Episode 21 – Angry Kids

We had a really pleasant week which included a trip the the Emergency Room and a lot of displays of flat out anger and aggression in our girls. To top it off, they’ve learned the “F” word.

We give a shout out to Jana Alayra, the Children’s Worship Leader who taught our girls how to cuss (It wasn’t really her fault). Jana, if you’re out there we need you to come teach a couple of preschoolers what the real lyrics are.

An update on our court date and what we can expect next.

We also start a new feature called “Listener’s Corner”. Wait till you hear the jingle.

4 thoughts on “Episode 21 – Angry Kids

  1. Thank you for your podcast. We feel like we are going through this right alongside of you. You see, we became foster parents in May 2007, and we are having some similar issues to deal with.

    We have two teenage biological daughters and two foster daughters, age 6 and 9. We feel so very blessed that we just wanted to share our love and bounty with these children. And there is such a need. We brought our older children into the decision to foster, and I have watched their spirits grow from the experience. They were starting to get that ‘teenage attitude’, but they have both really taken on a spirit of servitude and gratitude, so this has been a blessing to all of us.

    But it is a difficult blessing. The six year old had very difficult holidays, her anger and agression increased to 3-4 tantrums a day. And we are so limited we are in tools, as we have rules here that prevent us from any kind of restraint, including keeping her from leaving the house. We have actually had to follow her out the door and down the street to keep her safe, because we weren’t allowed to lock her in the house. And it’s so difficult to keep your own spirit in the right place when you are so tired of the tantrums.

    Both children are wetting the bed pretty regularly, which is especially difficult for the nine year old. We are ruling out some medical issues, but we had to make the hard choice between getting up every night and changing bedsheets or making a nine year old wear embarassing pull-ups.
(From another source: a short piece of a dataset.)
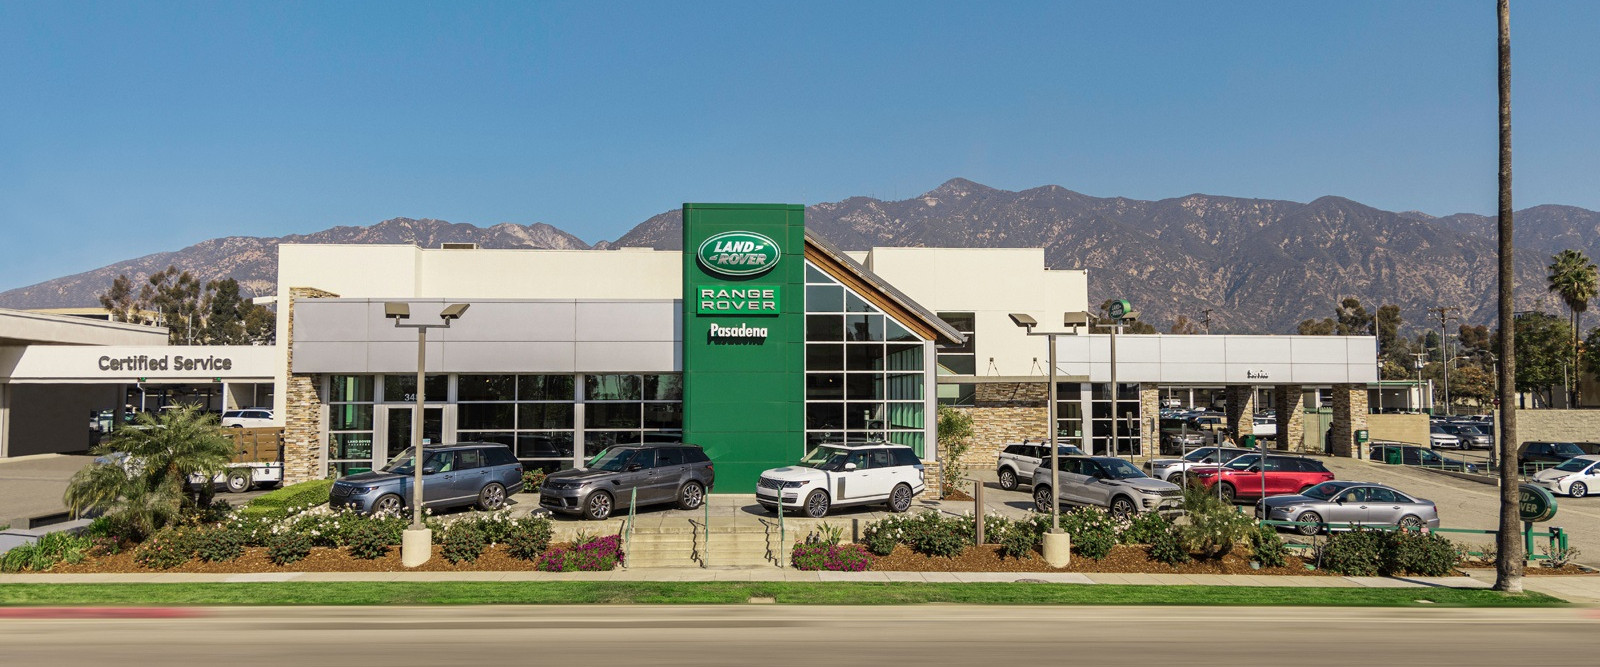 US Property Trust - Land Rover Pasadena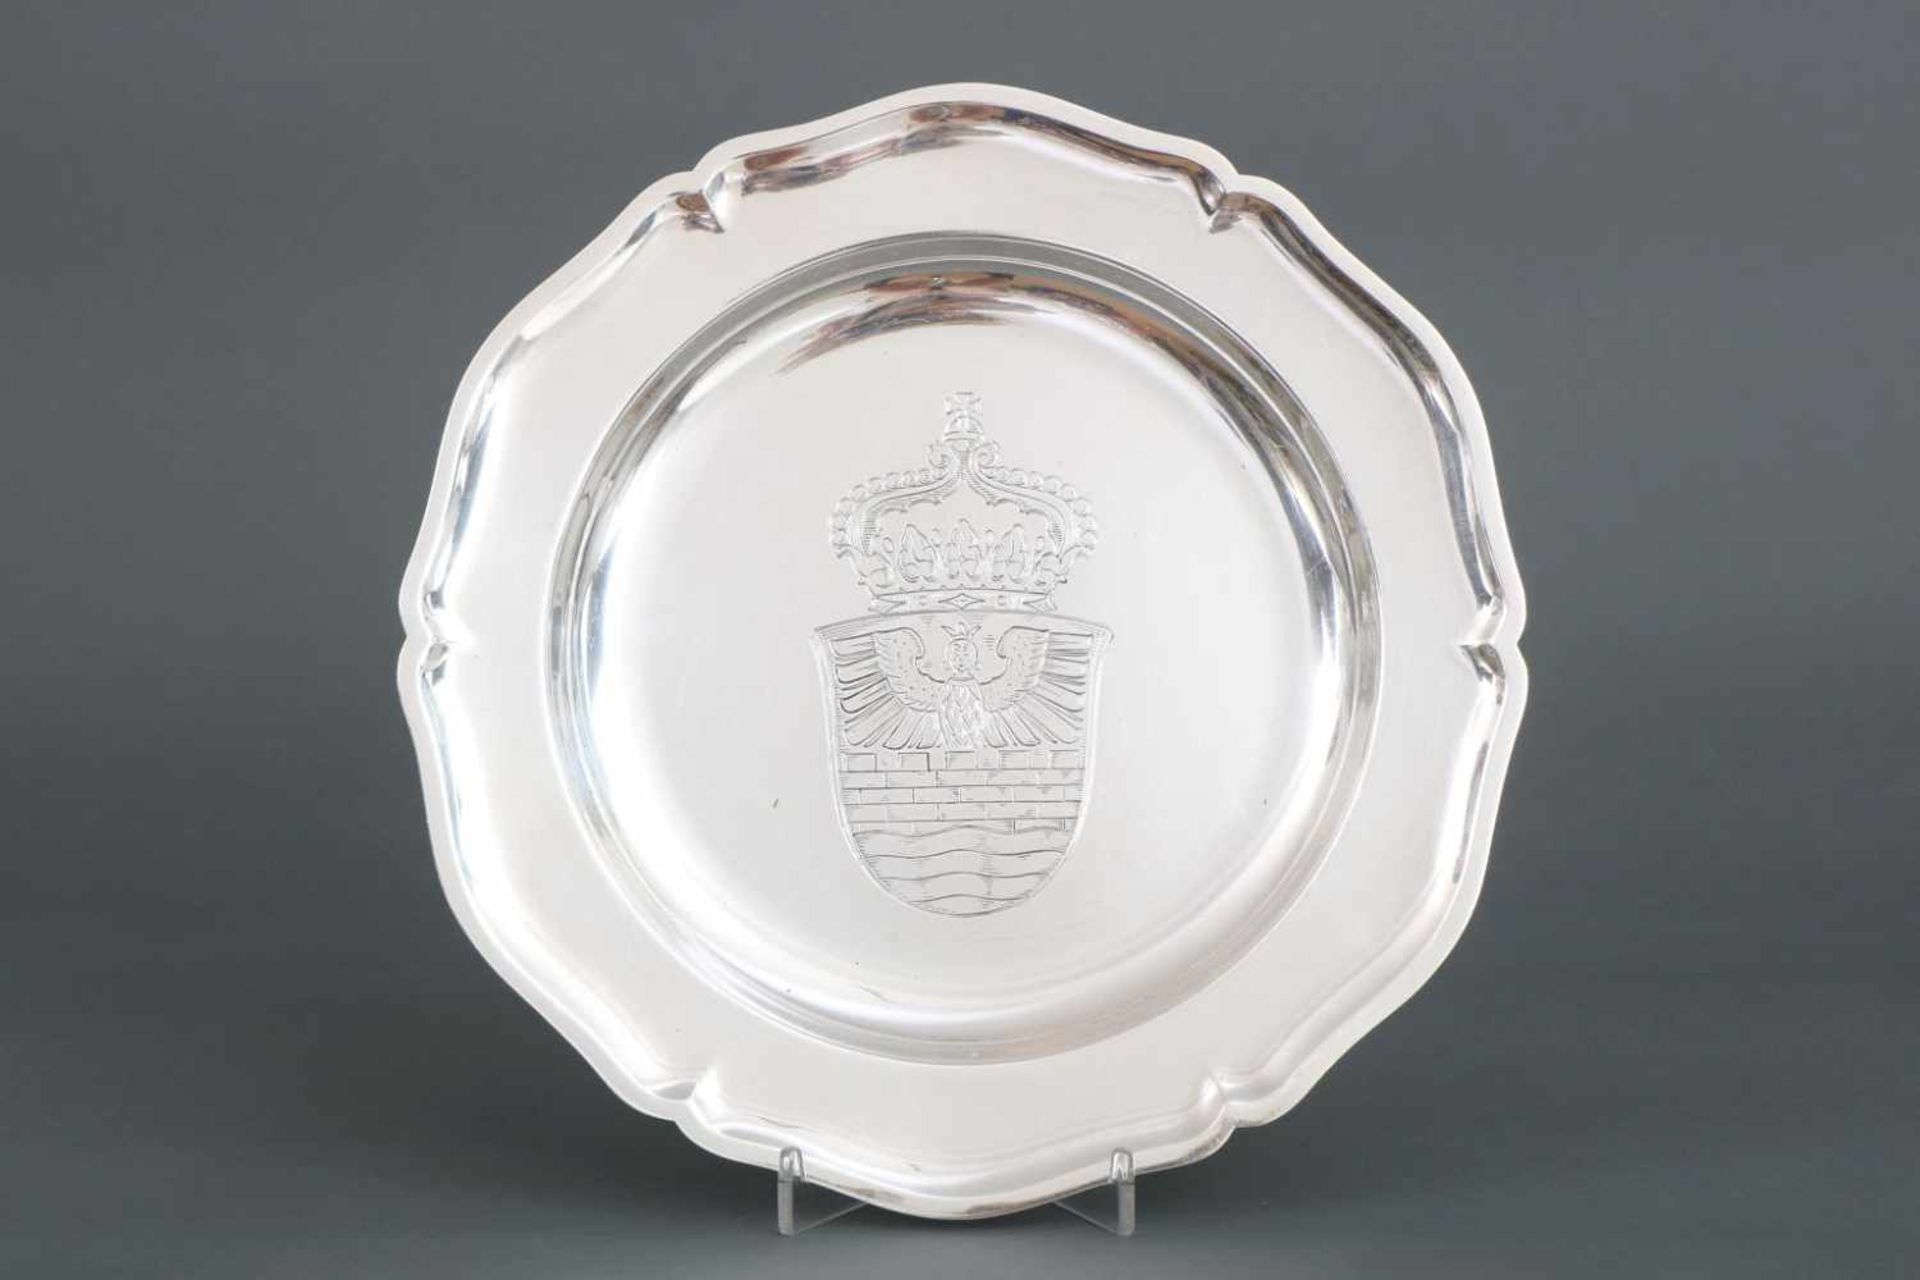 Silber Teller830er Silber, Wilkens um 1950, runde, passige Form, im vertieften Spiegel

    There are other issues from the abuse the children experienced: they suffer body issues, personal boundary problems, behavior problems, but all of these things are very understandable reactions to the things that have happened to them. The ‘final’ court date for these girls is supposed to be Feb 4th, and these kids, like yours, are extremely attached to their mother, who sounds alot like Carmen. She loves her kids and hasn’t abused them, but she isn’t able to care for them right now. That’s why we are here.

    And that’s finally what I want to share with you. Hang in there. You aren’t alone. The work is hard, but it’s worth it. We make a difference. Not only to the children that we care for, but to the people and children at our church and in our communities, as they have the opportunity to share in the lives of these children, which is a blessing for them as well. And to ourselves.

    Keep up the good work. God bless you.

    Mary

  2. Mary,

    I’m so glad you wrote. It’s so good to know that others are walking alongside us in this. You have certainly had your share of issues with these kids! It sounds like you have had moments of reaching the end of your rope as we have. On one particularly hard night, a friend sent me this Scripture:

    “Weeping may endure for a night, but joy comes in the morning.” (Psalm 30:5)

    It was so true for me at that moment. It seems like the weeping returns every day, but each morning is new and fresh.

    Please keep checking in and letting us know how you’re doing. We’ll keep you and your whole family in prayer.

    Wendy

  3. Some of the issues you are having with the girls are normal for all children at that age. They love to get into things they shouldn’t – such as the lotion and lipstick that you mentioned. My daughter once got ahold of a box of mini crutons and proceeded to spray them into every crevice of our living room. Boy was that a fun job to clean up! So keep in mind that although your girls have extra issues to overcome some things that they are doing is normal 3-4 year old behavior.

  4. WD40! My son made a HUGE mess on BRAND NEW CARPETS (and everything else) with my lipstick, and it came completely out by spraying WD-40 on the carpet stains and then wiping it up.